2) New York and New Hampshire both laid claim to the land that eventually became Vermont. In this case, New York was claiming land to its east, while New Hampshire was claiming land to its west. Both colonies had made land grants in the disputed area for years prior to the Revolution. The citizens in the disputed area wanted to become a state and in 1791 Vermont entered the union.
3) North Carolina claimed the land to its west, which eventually became the state of Tennessee. In 1784 North Carolina ceded most of the land to the federal government after first setting aside a reserve of land to be granted to its Revolutionary soldiers as bounty land for their service. In 1790 Tennessee became part of the Southwest Territory and in 1796 it became a state.
4) Massachusetts claimed land in a swath from sea to sea. Realistically, New York was in the way, but Massachusetts had laid claim to the land that was western New York, and then directly west to a sector going through Michigan and Wisconsin. Massachusetts ceded its westernmost land to the federal government in 1785. This land became part of the Northwest Territory. The claim to western New York was resolved in 1786, with New York keeping the land. A modern map of Pennsylvania shows a small triangle of land in the northwest corner of the state, touching Lake Erie. This land had been claimed by Massachusetts. The so-called Erie Triangle was ceded to the U.S. government and then sold to Pennsylvania.
5) Connecticut claimed western lands in a band going across the tops of the present-day states of Ohio, Indiana and Illinois. This territory was ceded to the U.S. government in 1776 and 1800, all except the Western Reserve in Ohio. The reserve was used as bounty land for Connecticut Revolutionary War soldiers.
6) South Carolina claimed a 12-mile-wide strip of land extending across the top of what is now Georgia, Mississippi and Alabama, to the Mississippi River. This was ceded to Georgia in 1787. The claim was later found out to be a surveying error and the land description in the survey did not actually exist.

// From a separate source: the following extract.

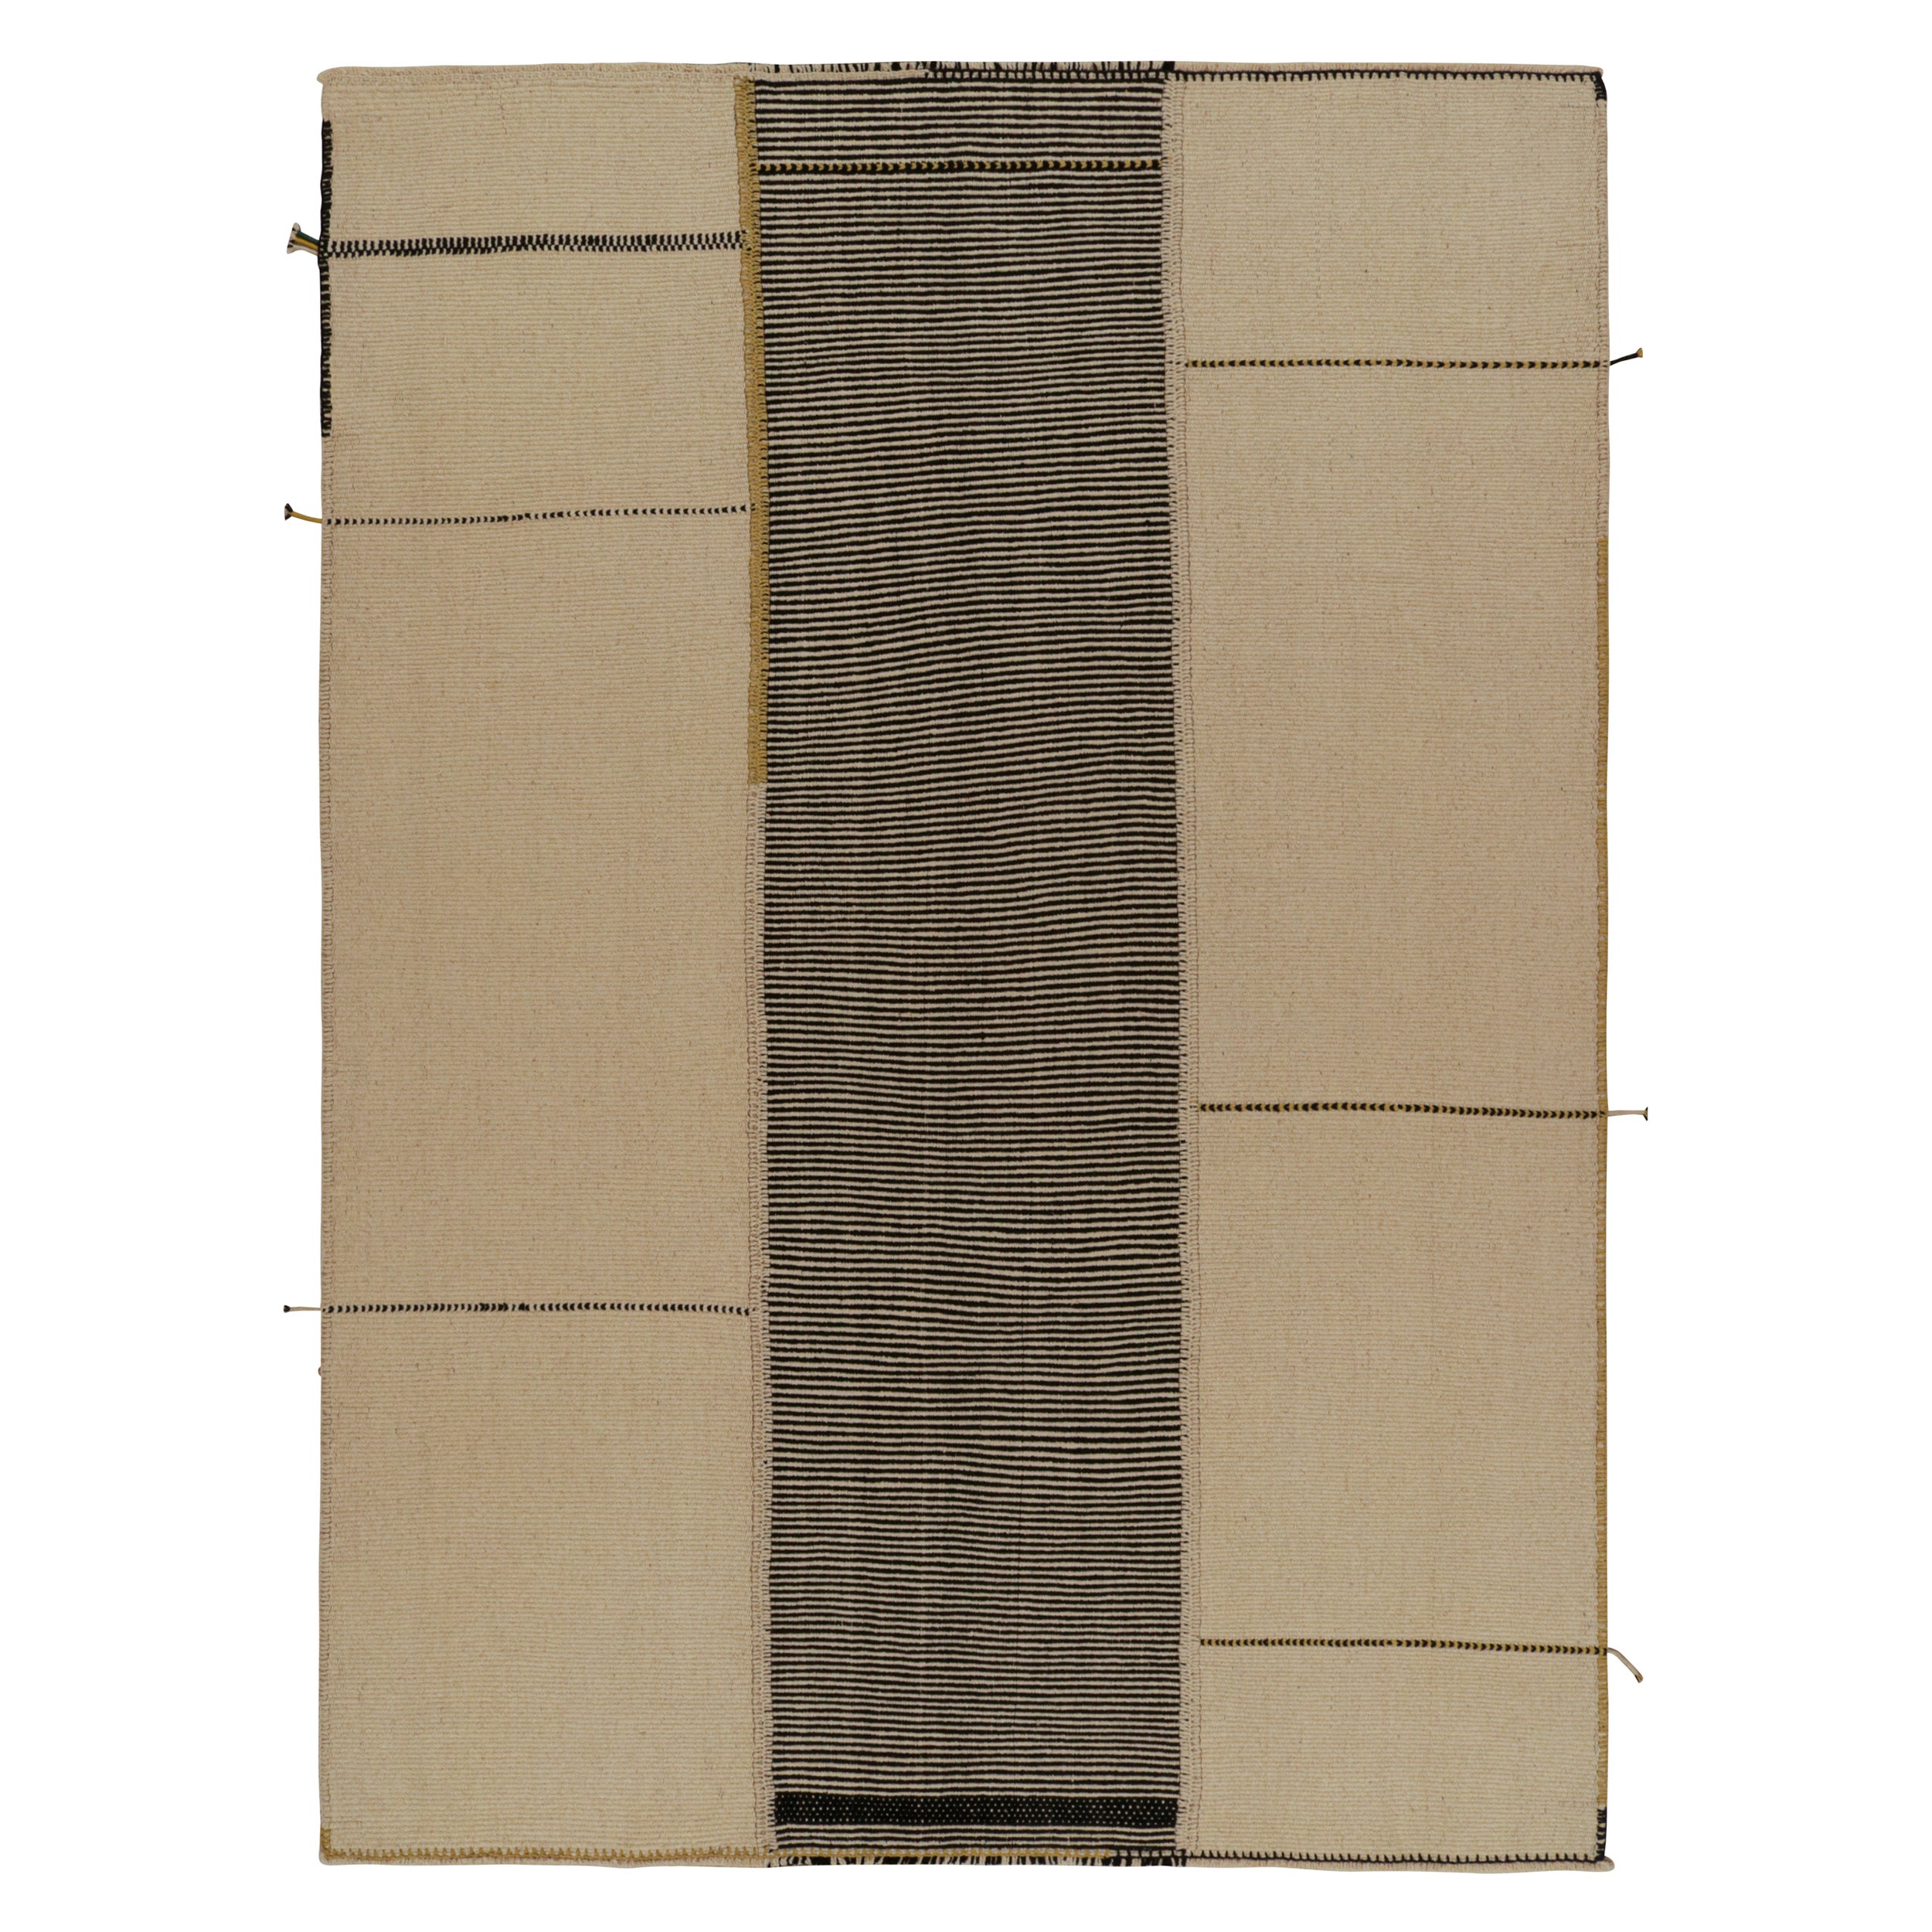 Rug & Kilim's Modern Kilim Rug in Beige, Black & Gold Textural Stripes (tapis moderne en Kilim beige, noir et or)

7) Georgia claimed the land that now makes up the states of Alabama and Mississippi. Some of this land had been involved in scandals and fraud: the Yazoo lands and the Pine Barrens. The scandals involved Georgia officials selling land to political insiders and making multiple grants of the same land. The land was ceded by Georgia to the U.S. in 1802 in order for the federal government to take over the legal liabilities for the land. It took until 1814 for a full resolution of these issues.